Ataviado con su palo-selfie, corre hasta el monumento dedicado a los asesinados en Sachsenhausen. Estira, posa y autofoto. Selfie. Vanidoso en inglés. Se lleva un recuerdo del campo de exterminio situado cerca de Berlín. Pone una cruz en su mapa. «Yo estuve allí», dirá en un idioma cualquiera. No sabe el sentido de aquel monumento. Desconoce la razón por la que fue erigido. Muestra respeto nulo por los fallecidos no hace tanto allí. Se hace una autofoto en un símbolo de la resistencia antifascista como quien posa en una fuente sin agua de Torrent.

Ni mucho menos es la única falta de sensibilidad que se observa.
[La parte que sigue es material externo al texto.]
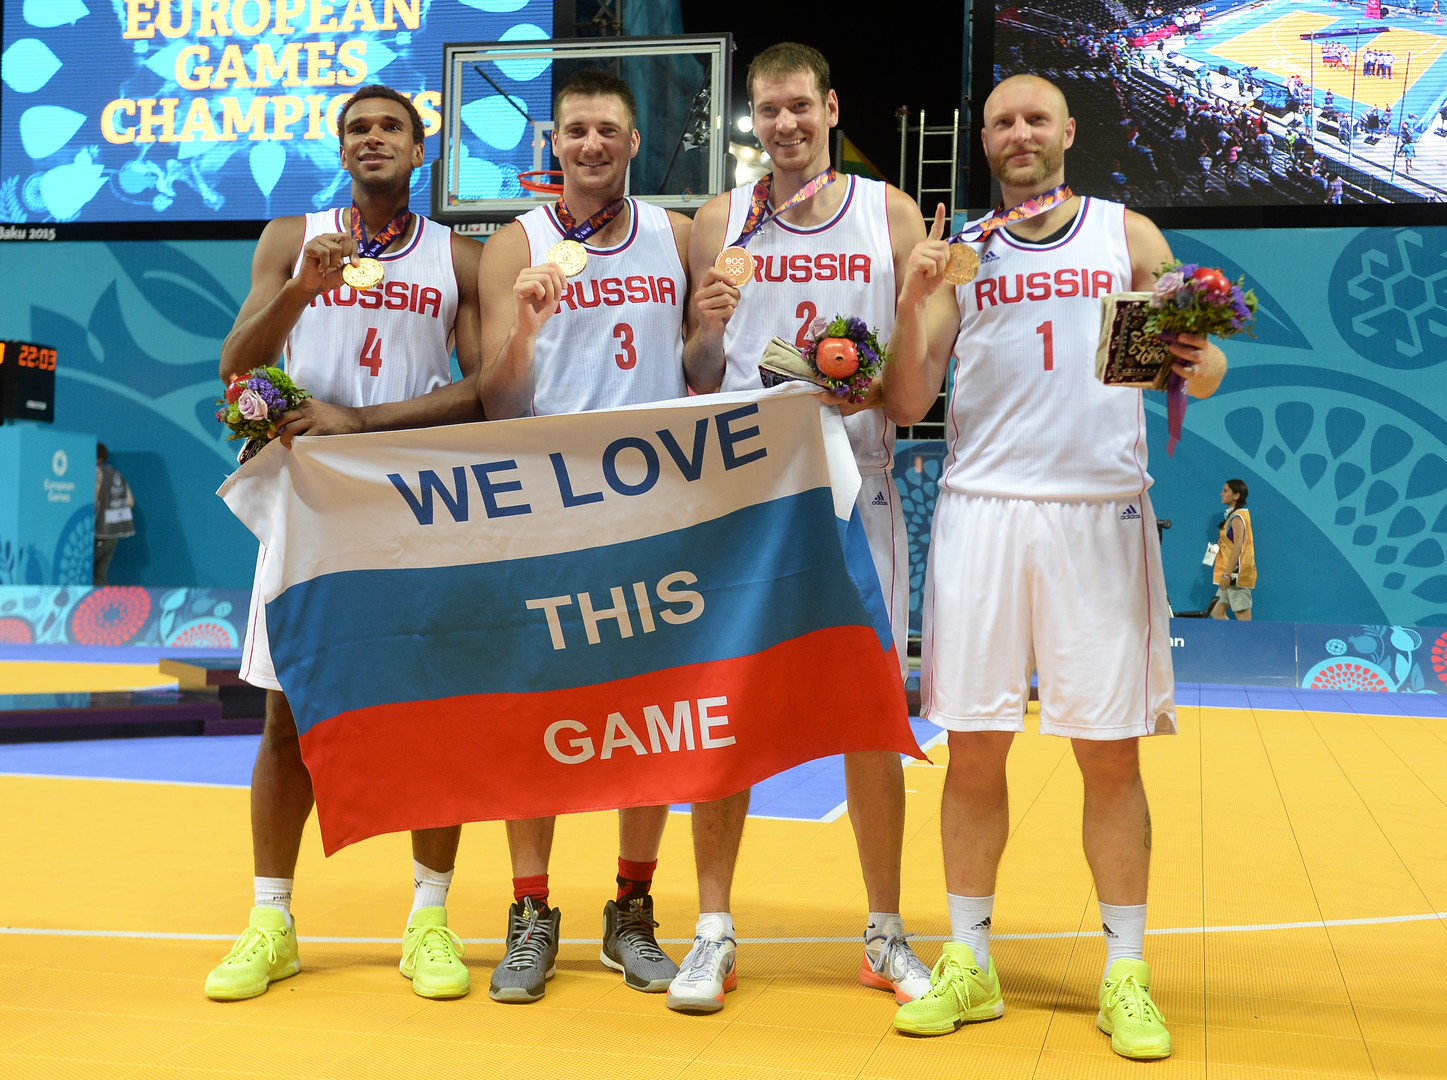 Russische Basketballspieler bei den Europaspielen 2015 in Baku

Una familia (quizá holandesa, quizá británica) abre un paquete de patatas fritas tan pronto como traspasa la puerta en la que se puede leer «Arbeit Macht Frei» (el trabajo libera). Encima del portón con el mentiroso lema se situaba un francotirador que vigilaba posibles disidencias y mataba a menudo a capricho. Para la familia turista empieza el espectáculo y no es más aberrante su comportamiento porque no degustan palomitas. «Cuando venga a Auschwitz, recuerde que está en un lugar en el que fueron asesinadas más de un millón de personas. Respete su memoria. Hay lugares mejores para aprender a andar sobre una viga que en un lugar que simboliza la deportación de cientos de miles de personas», lamentaron los responsables del museo de Auschwitz en un mensaje publicado en sus redes sociales hace unas semanas.
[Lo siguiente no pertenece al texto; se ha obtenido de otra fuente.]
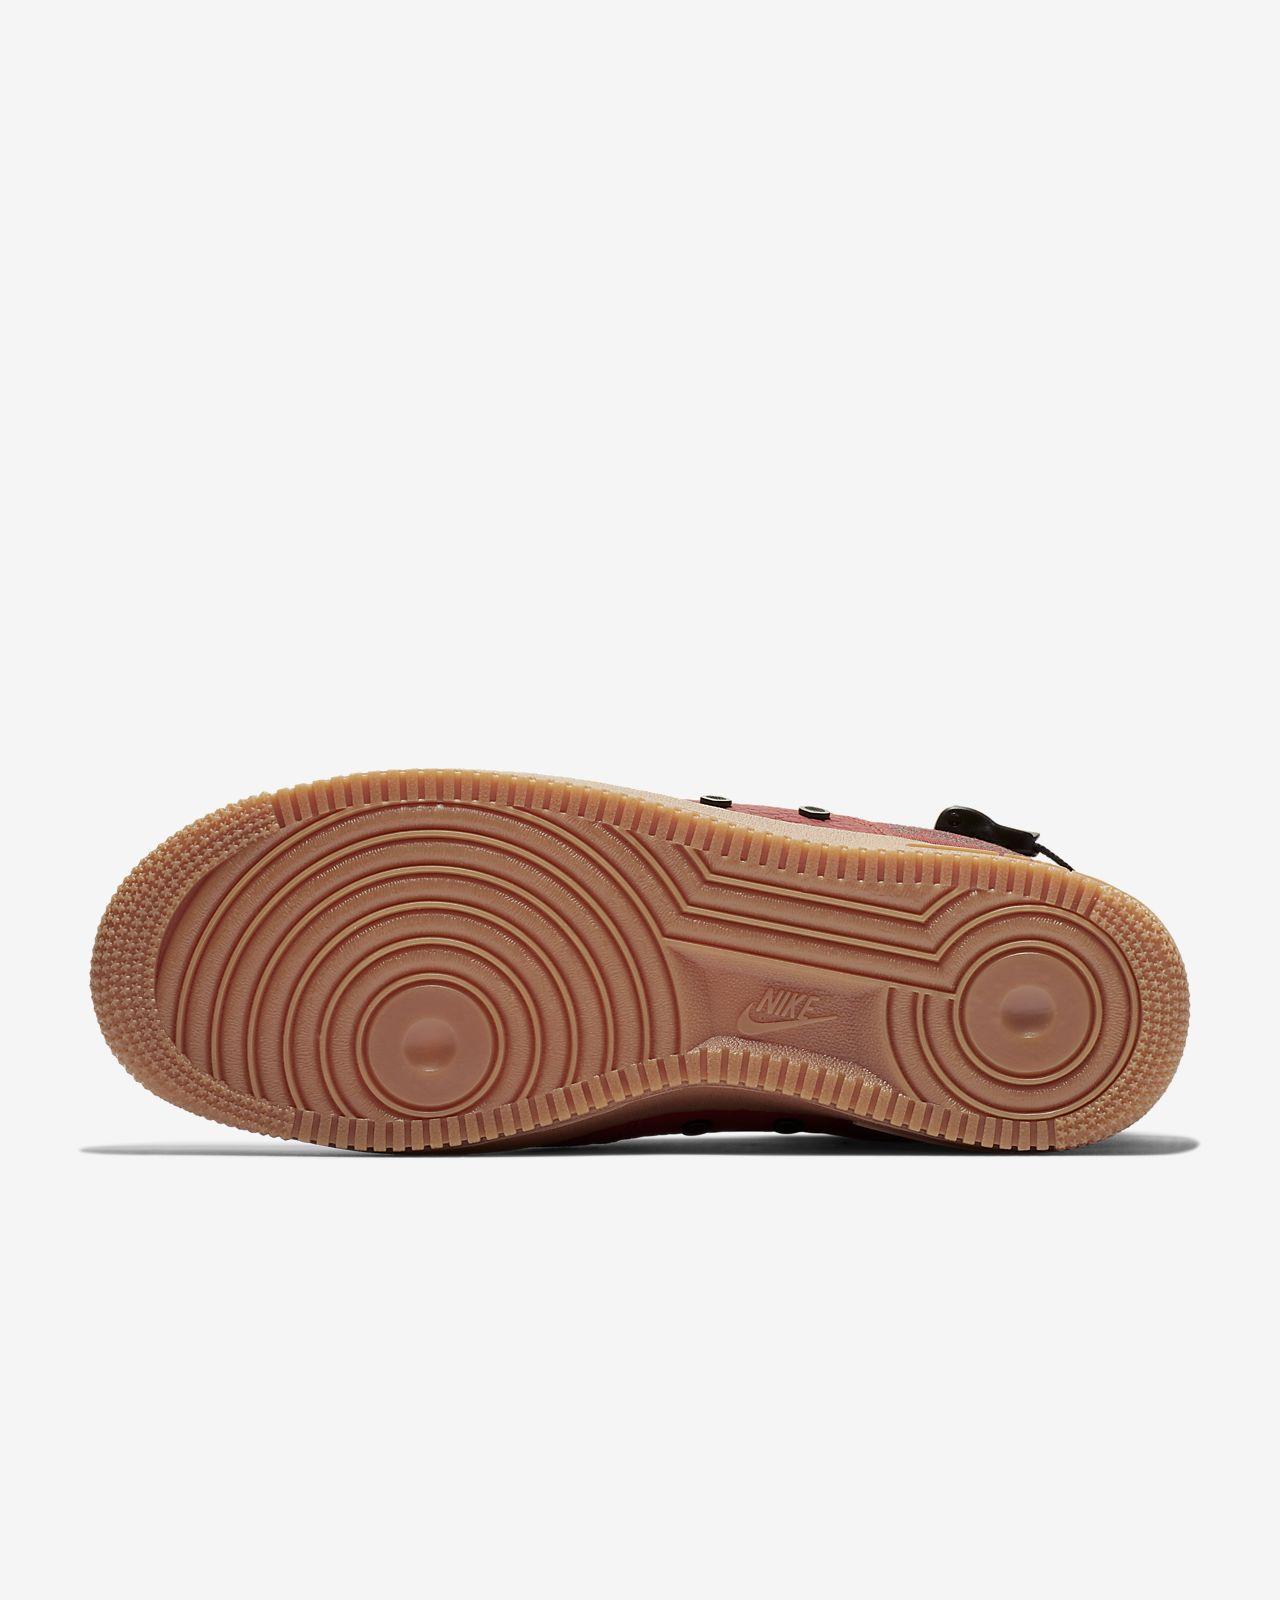 huge selection of 3e6e2 ad3d8 ... Nike SF Air Force 1 Mid Mens Shoe

Un campo de aniquilación no entiende de visitas simplistas. Es obligatoria la interpretación. También la empatía y la sensibilidad. Por supuesto, un mínimo de conocimiento. Una pareja española dialoga sobre aquellos muertos pero lo hace desde la distancia. También desde el desconocimiento de quien no sabe que en España hubo trescientos campos de concentración en los que murieron miles de personas. Analizar el horror nazi es incluso fácil moralmente pero no lo es tanto para muchos revisitar el pasado próximo y analizar qué pasó en este país hace unas décadas. La psicóloga Cristina Cristóbal comentaba en una reciente charla en València que los descendientes de las víctimas del nazismo y del franquismo (ella lo es) no tienen miedo a la memoria y el recuerdo. Se sienten orgullosos de sus antepasados y de su lucha por la democracia. Por eso reivindican la verdad histórica. Pero, los descendientes (familiares y herederos ideológicos y políticos) de los asesinos y represores, ¿sienten la misma tranquilidad? Quizá por ello muchos se oponen a las leyes de memoria histórica. Alemania pidió perdón, como país, por el nazismo. Es obligatoria la enseñanza del Holocausto en las escuelas y hoy en día está prohibido (y perseguido a nivel penal) mostrar símbolos fascistas. Si te da por pedir un taxi de forma inadecuada con el brazo en alto, seguramente acabas en el calabozo. Y no es broma. En España existe barra libre para la extrema derecha fascista y miles de demócratas continúan en cunetas mientras Rajoy se enorgullecía en televisión de haber vaciado los fondos para rescatar sus cuerpos y enterrarlos dignamente. Ahora, dirigentes de Vox llaman «buscadoras de huesos» a las ancianas que siguen su lucha para recuperar los cuerpos de sus padres. En la suela del zapato de Ascensión Mendieta (por poner un ejemplo) hay más dignidad que en todos los dirigentes de la extrema derecha juntos.

Hagan el favor, cuando se aproximen a víctimas del fascismo, muestren respeto. Si desconocen la Historia, al menos demuestren un poco de sensibilidad. Sobre todo porque la democracia que tenemos en Europa es gracias a ellas y ellos.